Segment Open
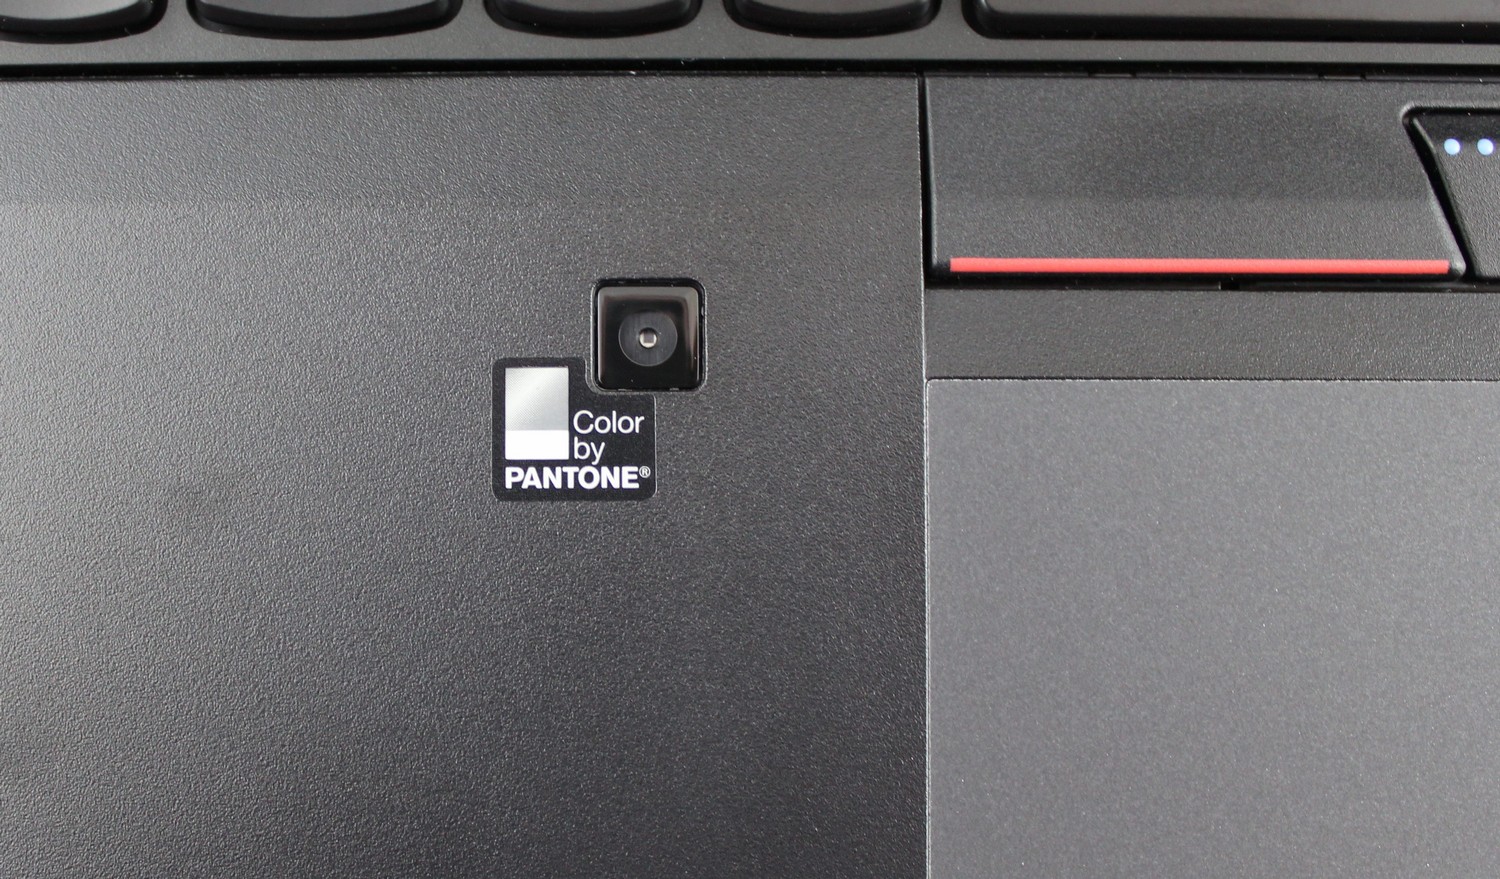 Display - The Lenovo ThinkPad P70 Review: Mobile Xeon Workstation
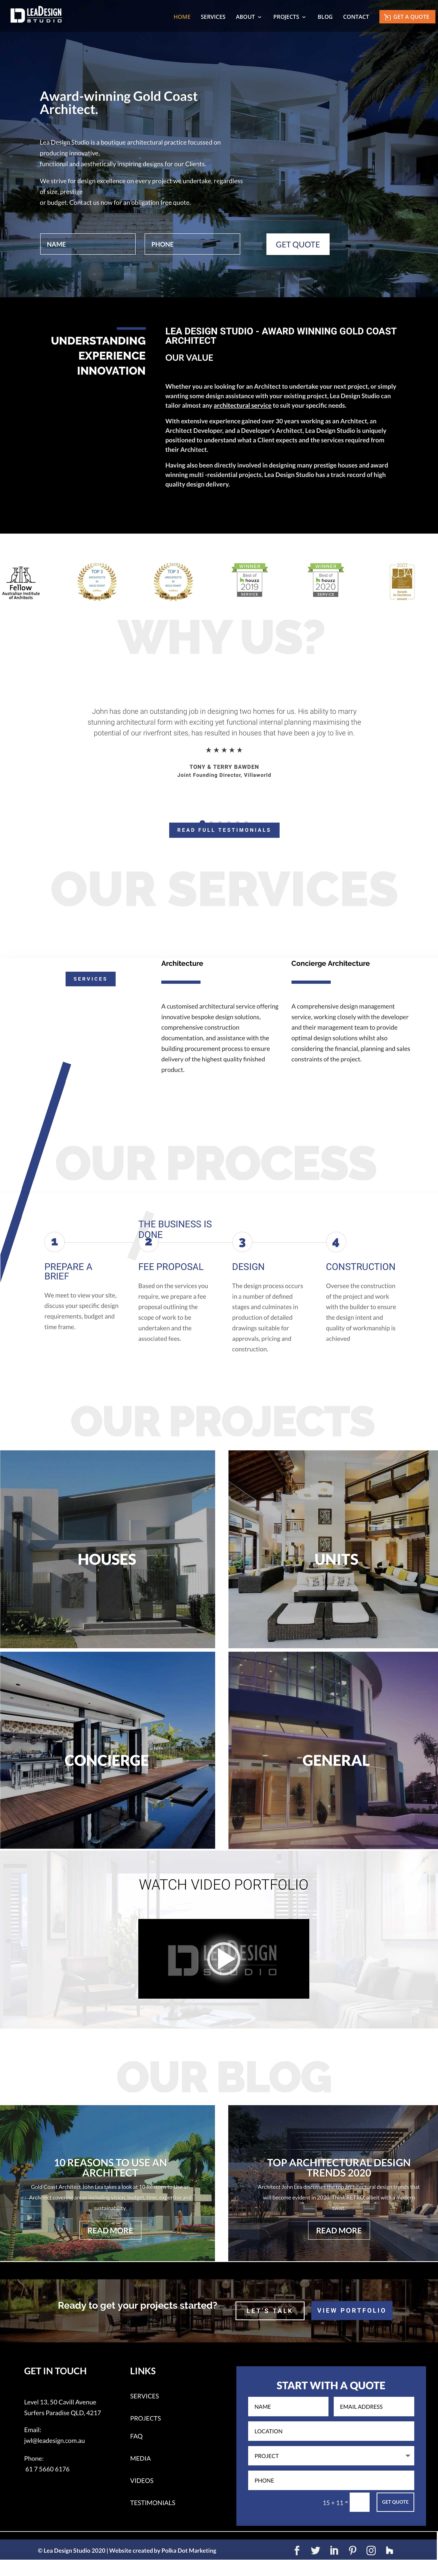 lea design studio web page
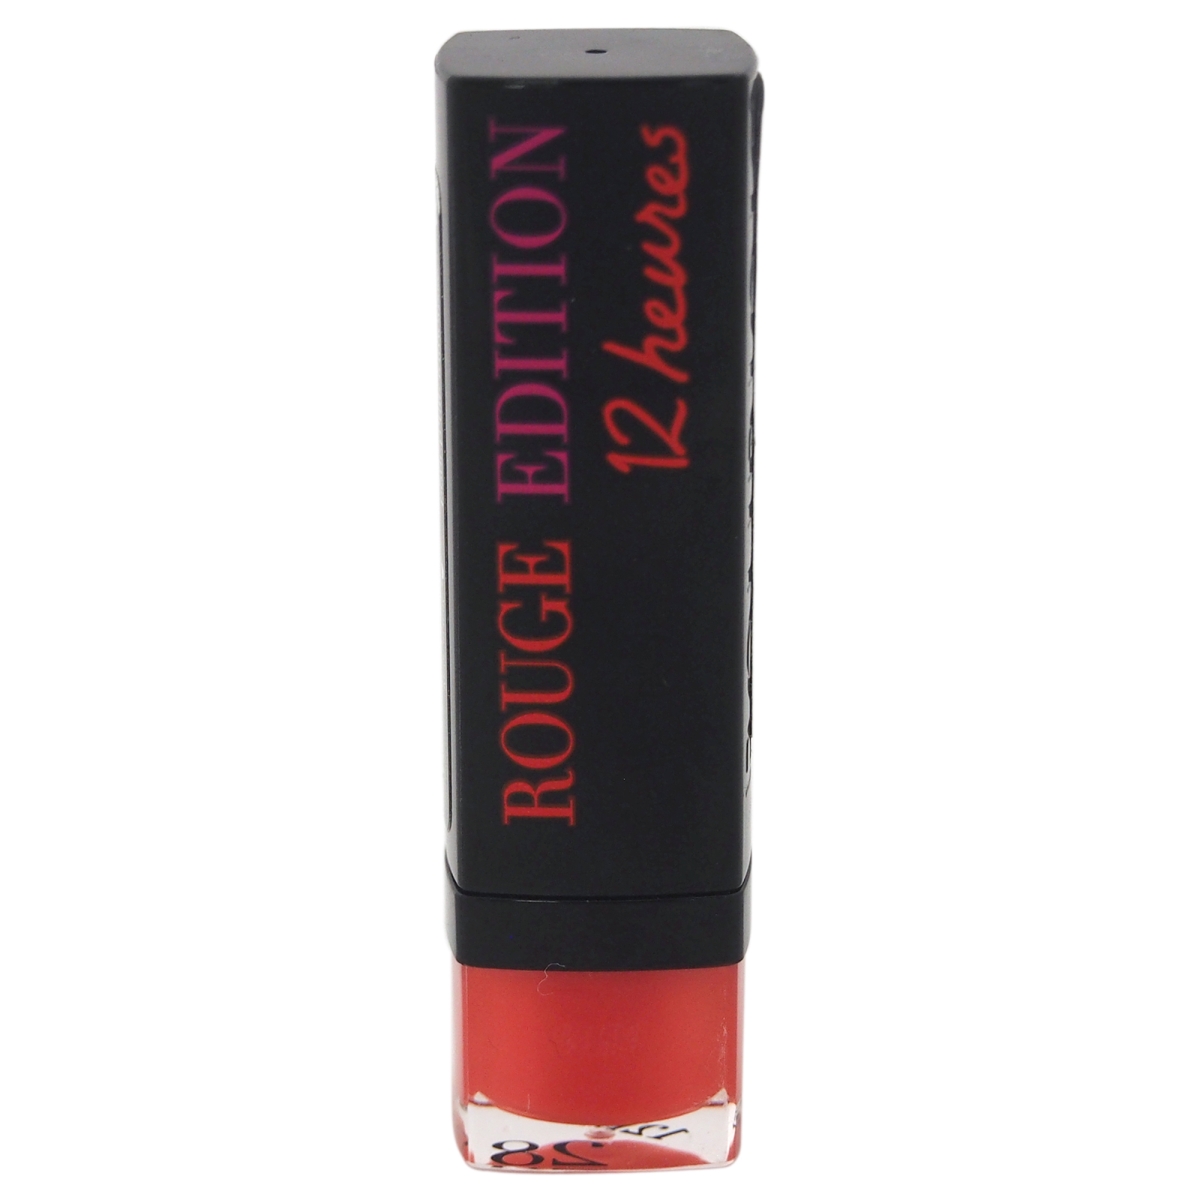 W-c-9702 0.12 Oz No. 28 Rouge Edition 12 Hours Pamplemousse Pour Lipstick For Women
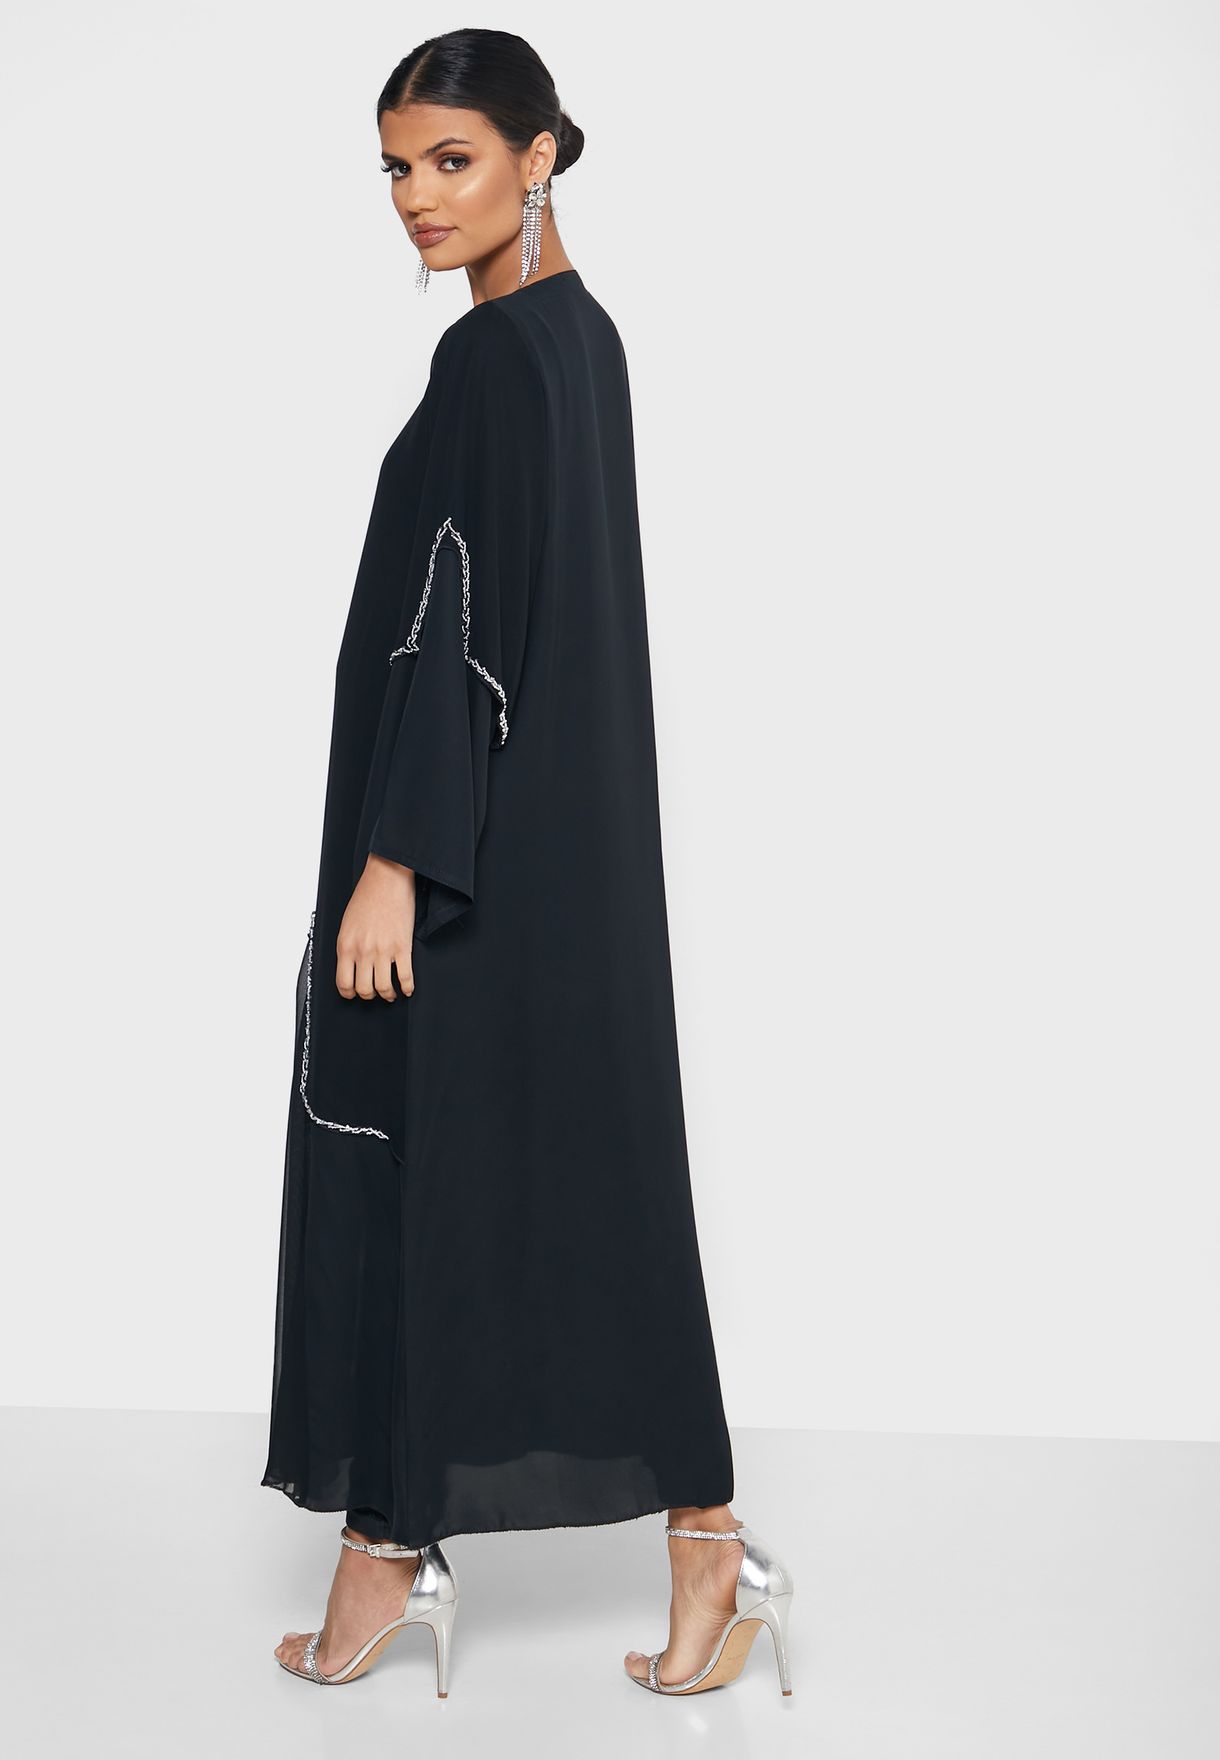 Buy Khizana black Embellished Abaya for Women in MENA, Worldwide
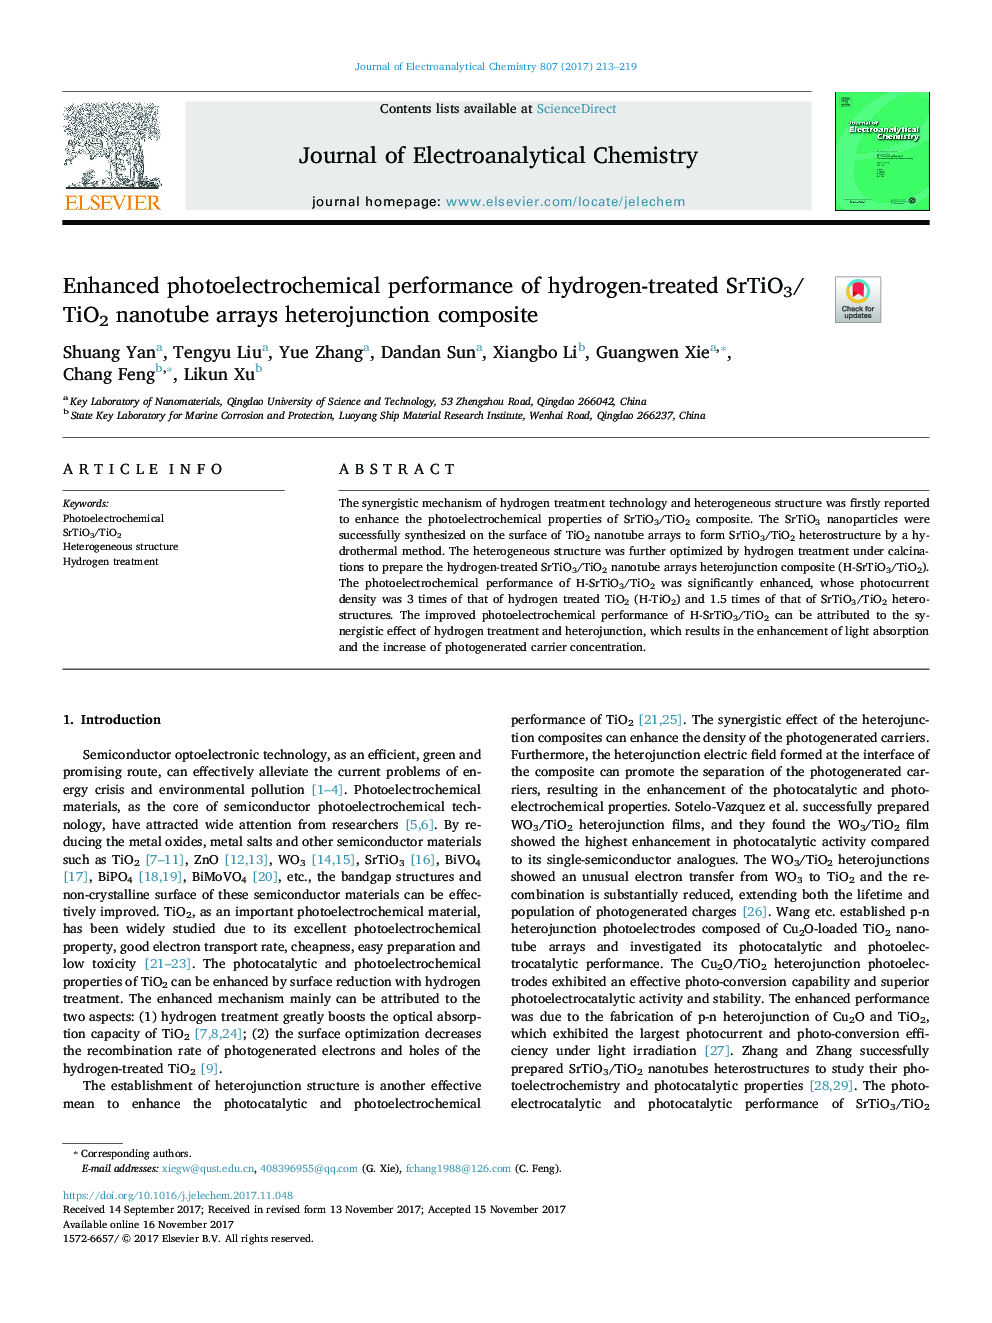 Enhanced photoelectrochemical performance of hydrogen-treated SrTiO3/TiO2 nanotube arrays heterojunction composite
Segment Closed
Start at the line holding "W-c-9702 0.12 Oz" and stop at the last line of the entries above. Repeat those lines exactly, pictures excluded.

 W-c-9702 0.12 Oz No. 28 Rouge Edition 12 Hours Pamplemousse Pour Lipstick For Women
 Buy Khizana black Embellished Abaya for Women in MENA, Worldwide
 Enhanced photoelectrochemical performance of hydrogen-treated SrTiO3/TiO2 nanotube arrays heterojunction composite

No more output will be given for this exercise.